The fact is that within 24 hours of the original aggression by Iraq against Kuwait, both Houses voted unanimously to condemn it. It is worth recalling the reality of that condemnation. On August 2, 1990, the U.S. Senate voted on Resolution 318, which was introduced by Senator Pell, Senator Helms, and others--nine Democrats and six Republicans--that presented the President with united support for the concept that he take all necessary steps to stop Saddam Hussein and force Iraq out of Kuwait. I repeat, `force Iraq out of Kuwait.' The Senate resolution passed unanimously, and it passed before the President of the United States had even spelled out his full policy on this issue.

Mr. President, that resolution, which I will not repeat in full right now, encompassed the freezing of Iraqi assets and the boldest set of sanctions that we have seen. But, most important, it also embraced charter article 42 of the Charter of the United Nations, and in section E stating:


[Page: S3134]
If such measures prove inadequate to secure Iraq's withdrawal from Kuwait, additional multilateral actions under article 42 of the United Nations charter involving air, sea, and land forces, as may be needed to maintain or restore international peace and security in the region.

That is what the Congress ought to authorize. I voted for that resolution, Mr. President. You voted for that resolution. Every Member of the U.S. Senate voted for that resolution. It passed unanimously, and it explicitly urged the President to take military action, if necessary.

We voted to support the President, as did Members of the House, because we all understood what was at stake. When we returned from a recess, Mr. President, we continued that support. And our fall session closed on October 2 with another bipartisan resolution on the gulf crisis introduced by Senator Mitchell and Senator Dole. And that resolution commended the President for all of his accomplishments to date, and specifically expressed our approval of the administration's efforts to achieve international solidarity under the umbrella of the United Nations.

I ask people to stop and think for a minute. If the Congress has unanimously embraced a policy that advocates the use of force, if it is the only option left, and the goal adopted by the Congress is the liberation of Kuwait, as it was, no one in their right mind is going to stop short of accomplishing that goal, because no one wants a repeat of Vietnam.

There was implicit in the position of the U.S. Congress an understanding that we might come to the point of using force.

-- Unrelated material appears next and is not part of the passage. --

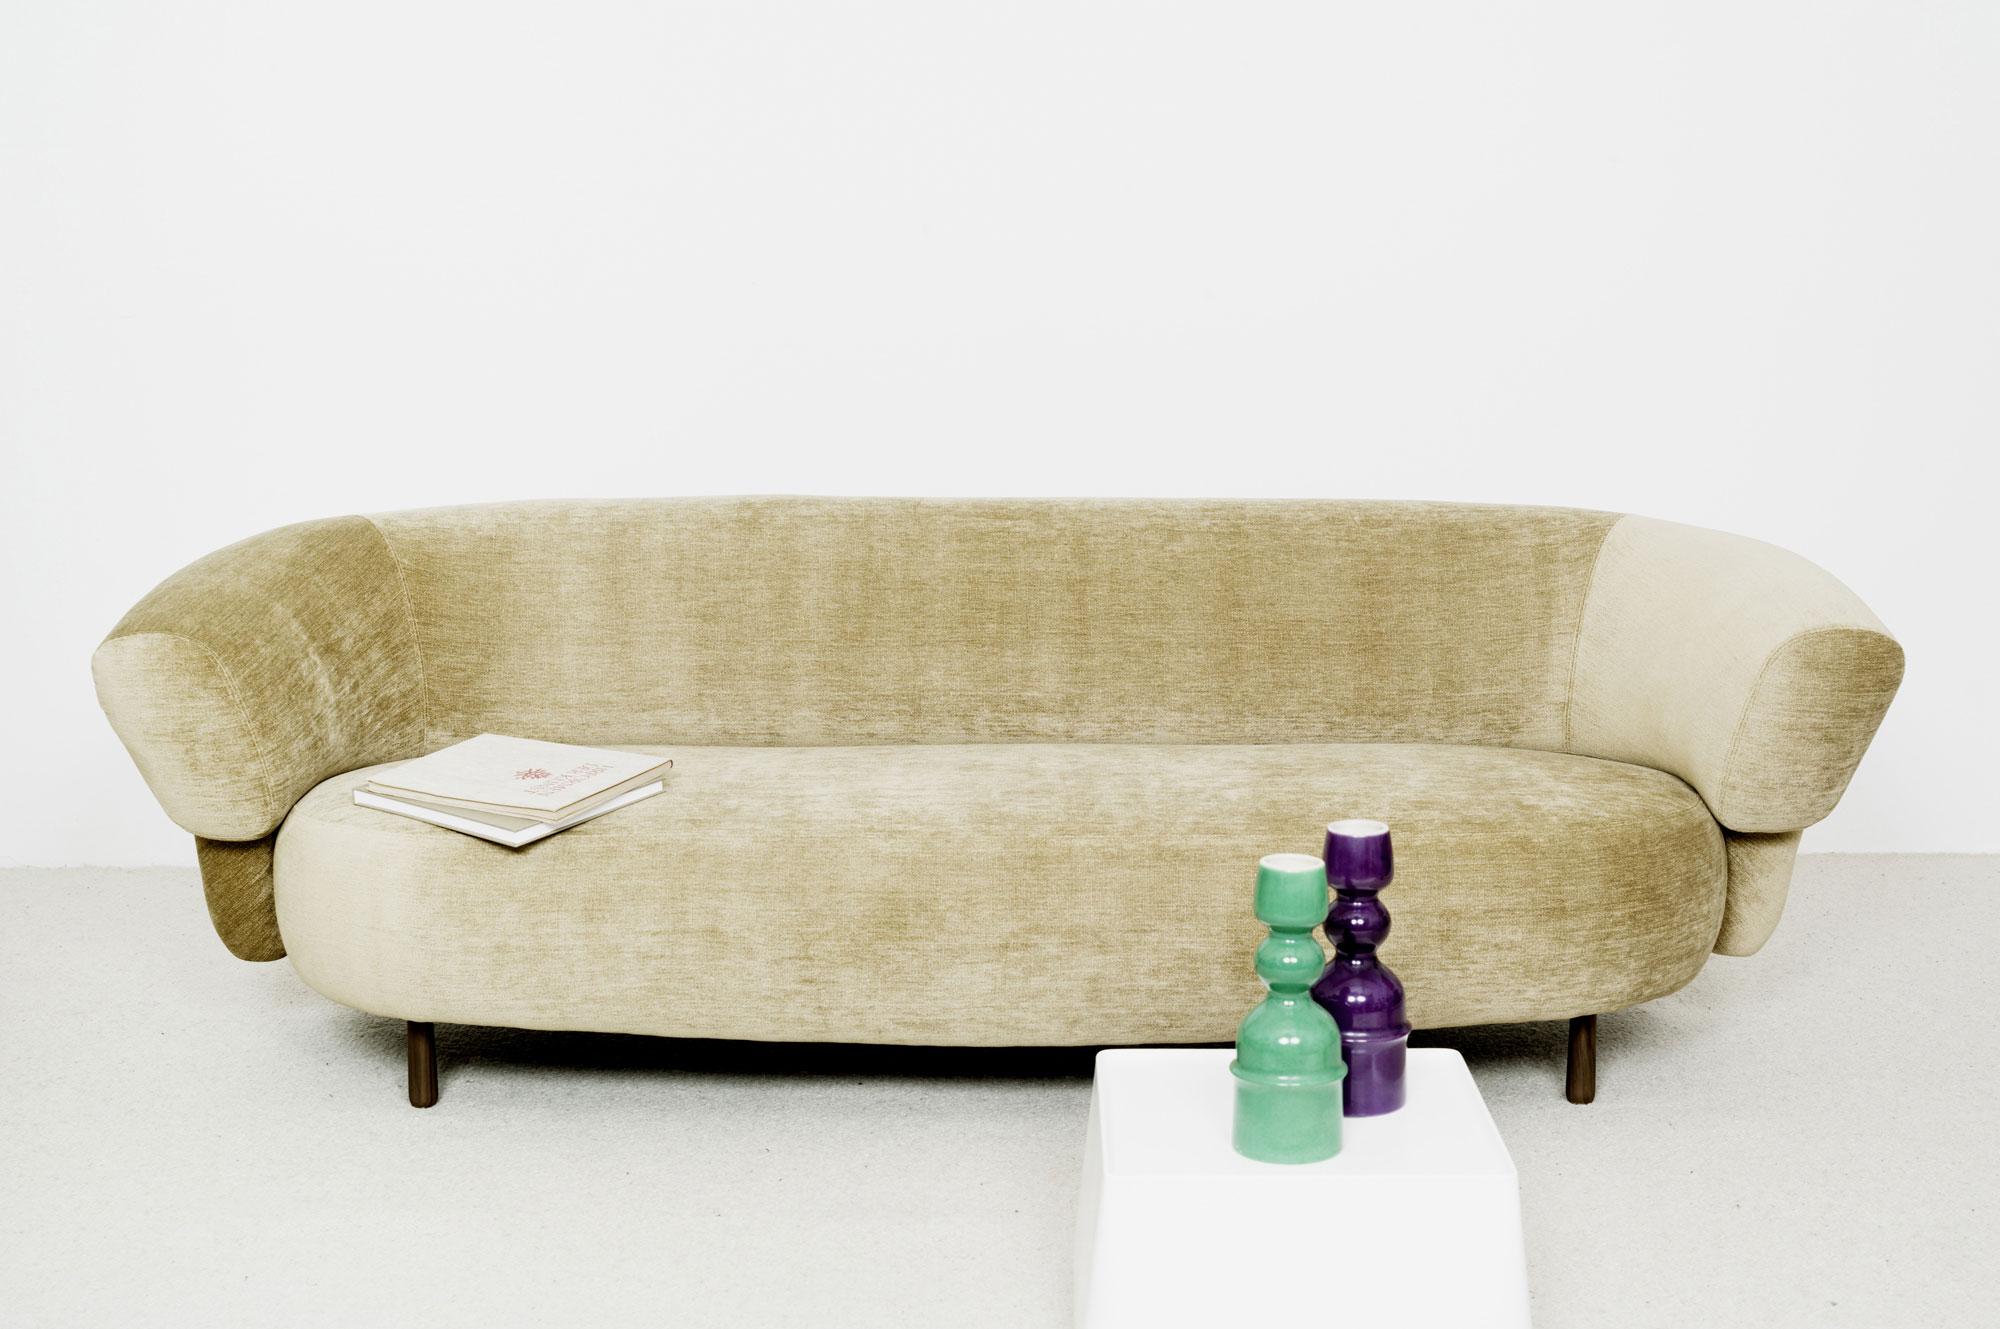 bob sofa christophe delcourt simmons panama sleeper canape ana
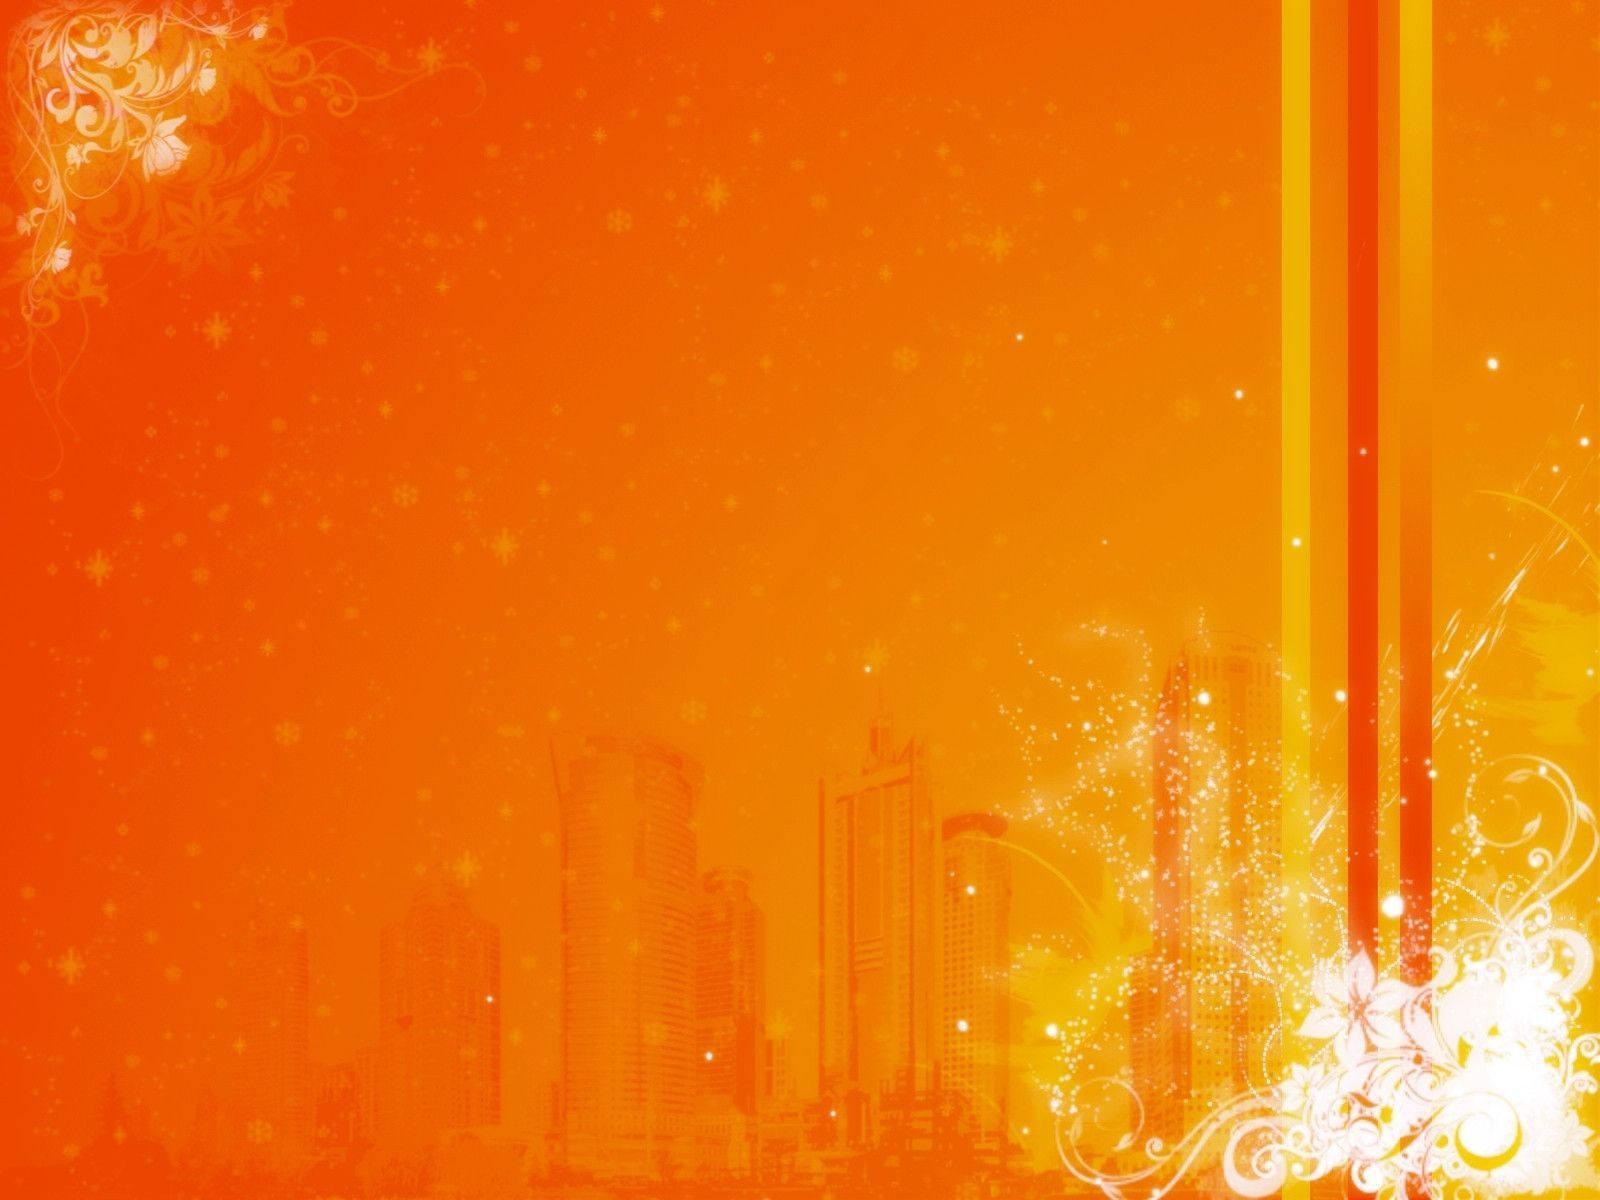 Orange backgrounds   SF Wallpaper 1600x1200

And there was equally explicit the adoption of a policy by the Congress that was not going to fail. That meant whether it was January 12, or whether at some point in the future, that ultimate day of reckoning was on the table for every Member who had supported that original policy.

The critical fact is that we supported the U.N. resolutions on the use of force, and the fact is that we laid out and supported a policy that Kuwait would be liberated.

I understand the reality of how defensive to some it may seem to raise these issues in the aftermath of this remarkable success, and I accept that in coming to the floor. I do so because what is important, Mr. President, is that history not be rewritten and that the record be clear, no matter how hard it is to be heard; no matter how much the rush of victory somehow erases reality here.

I think it is important that we state it. From the moment Congress decided the issue--and this is perhaps the most important part of what I would like to say--from the moment the vote in the U.S. Congress took place on the issue of timing, there was almost unanimous agreement in this country expressed by the U.S. Congress. There was almost complete unanimity that we had to stay united, support the troops, and that the debate had ended. We witnessed a democratic process in voting our consciences before we went to war. Once that issue was settled we rallied around the President, around his policy. We did so, because we were determined that there should not be another Vietnam. Again and again during debate, Senators, voting to continue sanctions, warned Saddam Hussein that he should take no comfort from those who voted to delay or to have the sanctions continue. Again and again people said one way or another, Saddam Hussein will leave Kuwait. Iraq, we said, must understand that we will give the President the full support that he requires to wage war if it is authorized.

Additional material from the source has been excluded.